With a few exceptions, `markdown.markdownFromFile` accepts the same options as
`markdown.markdown`. It does **not** accept a `text` (or Unicode) string.
Instead, it accepts the following required options:

__input__{: #input } (required)

:   The source text file.

    `input` may be set to one of three options:

    * a string which contains a path to a readable file on the file system,
    * a readable file-like object,
    * or `None` (default) which will read from `stdin`.

__output__{: #output }

:   The target which output is written to.

    `output` may be set to one of three options:

    * a string which contains a path to a writable file on the file system,
    * a writable file-like object,
    * or `None` (default) which will write to `stdout`.

__encoding__{: #encoding }

:   The encoding of the source text file.

    Defaults to `"utf-8"`. The same encoding will always be used for input and output.
    The `xmlcharrefreplace` error handler is used when encoding the output.

    !!! Note
        This is the only place that decoding and encoding of Unicode
        takes place in Python-Markdown. If this rather naive solution does not
        meet your specific needs, it is suggested that you write your own code
        to handle your encoding/decoding needs.

### markdown.Markdown([**kwargs]) {: #Markdown }

The same options are available when initializing the `markdown.Markdown` class
as on the [`markdown.markdown`](#markdown) function, except that the class does
**not** accept a source text string on initialization. Rather, the source text
string must be passed to one of two instance methods:

#### Markdown.convert(source) {: #convert }

The `source` text must meet the same requirements as the [`text`](#text)
argument of the [`markdown.markdown`](#markdown) function.

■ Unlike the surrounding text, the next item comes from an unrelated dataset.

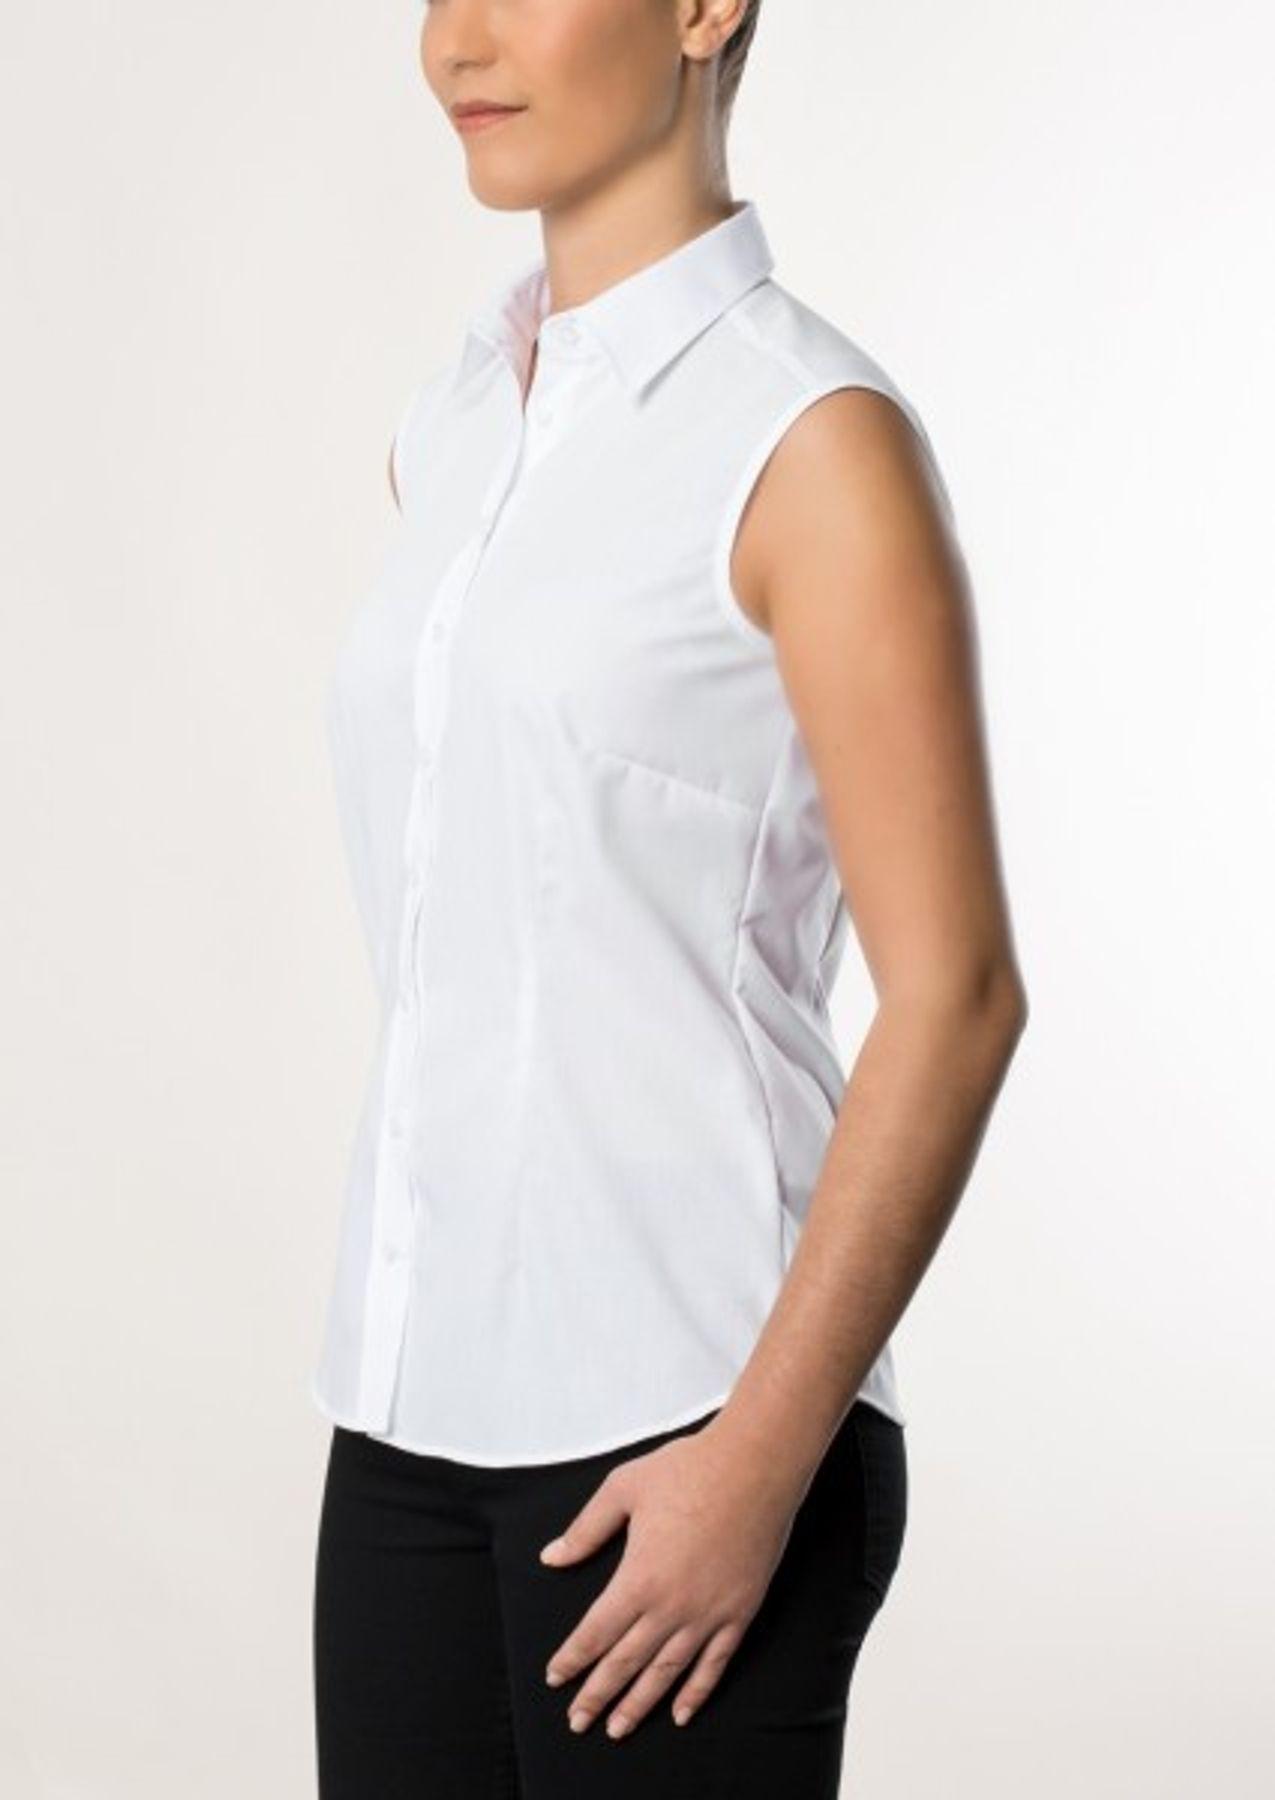 Eterna -  Comfort-Fit - Bügelfreie Damen Bluse ohne Arm in Weiß oder Schwarz (5220 A670) – Bild 11

You should also use this method if you want to process multiple strings
without creating a new instance of the class for each string.

```python
md = markdown.Markdown()
html1 = md.convert(text1)
html2 = md.convert(text2)
```

Depending on which options and/or extensions are being used, the parser may
need its state reset between each call to `convert`, otherwise performance
can degrade drastically:

```python
html1 = md.convert(text1)
md.reset()
html2 = md.convert(text2)
```

To make this easier, you can also chain calls to `reset` together:

```python
html3 = md.reset().convert(text3)
```

#### Markdown.convertFile(**kwargs) {: #convertFile }

The arguments of this method are identical to the arguments of the same
name on the `markdown.markdownFromFile` function ([`input`](#input),
[`output`](#output), and [`encoding`](#encoding)). As with the
[`convert`](#convert) method, this method should be used to
process multiple files without creating a new instance of the class for
each document. State may need to be `reset` between each call to
`convertFile` as is the case with `convert`.